Очнувшееся ото сна утро было тихим. Двор госпиталя был густо засажен высоченными деревьями, поэтому каждый, кто приходил сюда, чувствовал себя оказавшимся в лесу.
Подходя к отделению, Хасар заметил одиноко сидевшего в сторонке старика. Он был примерно того же возраста, что и его дядя, то есть где-то под семьдесят, всклокоченная борода беспорядочно лежала на груди.
Хасар подумал, что старик неспроста так рано прибыл сюда, но ему и в голову не могло придти, что тот ждет именно его. А старик сидел в том месте, где, как ему подсказали, должен был пройти Хасар.
Хасар поздоровался со стариком и хотел идти дальше, но тот остановил его вопросом:
– Сынок, ты случаем не доктор Хасар?
– Да, яшули! – Хасар обернулся и замедлил шаг, чтобы выслушать старика.
– Тогда, сынок, у меня к тебе есть разговор. Да, я сказал, сам поговорю с ним, посмотрю, что он скажет… А про тебя, сынок, всякое говорят. И хорошим врачом называют, и по-другому… Я никак не мог успокоиться, думал, если он человек, с ним можно будет договориться…
Хасар сообразил, что старик является родственником кого-то из его пациентов и хочет переговорить с ним с глазу на глаз. Он повел старика с собой в кабинет.

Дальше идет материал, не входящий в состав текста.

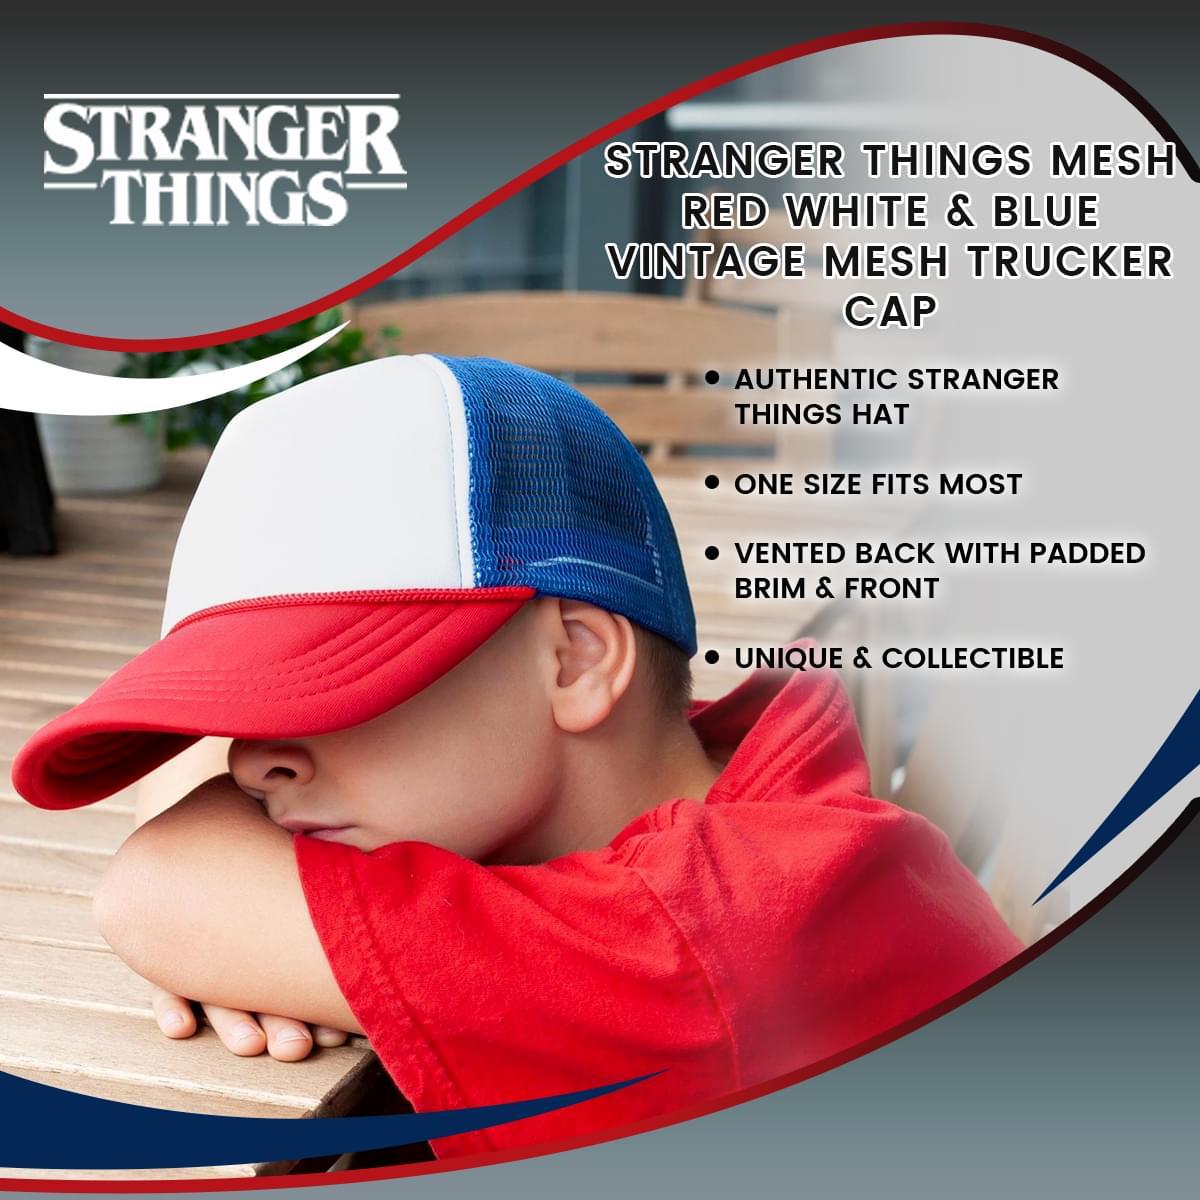 27e91ceeb5bef Stranger Things Mesh Red White   Blue Vintage Mesh Trucker Cap - Walmart.com

Старик оказался дедом того самого солдата из Иолотани, которому все никак не могли поставить диагноз и потому не брали на операцию, только с одного обследования на другое водили… В тусклых глазах старика, на его морщинистом лице отпечатались следы переживаний.
Хасар хорошо помнил того статного красивого юношу, который буквально на глазах таял. Этот парень был его постоянной болью и переживанием, осевшим где-то в закоулках души. На днях у него состоялся коротенький разговор с этим солдатом. Осматривая больного, Хасар обратил внимание на его руки, которые были мягкими, как у врача или женщины.
– А до армии ты чем занимался? Уж больно руки у тебя мягкие, не похоже, чтобы ты выполнял грубую мужскую работу, – удивился Хасар.
Юноша стеснительно улыбнулся в ответ:
– Доктор, я очень люблю музыку. С семи лет занимаюсь ею. Вы, наверно, слышали о музыканте по имени Овездурды-кекирдек, да и по радио часто дают его музыку. Настоящий маэстро! Он друг моего дедушки, я ходил к нему и учился у него музыке. Он даже как-то раз сказал дедушке, что из меня может что-то получиться. – Потом добавил: – Вот я выздоровлю и тогда с удовольствием поиграю для вас.
Хасар видел, что юноша возлагает на него большие надежды, верит в свое излечение. И этот момент запечатлелся в памяти Хасара.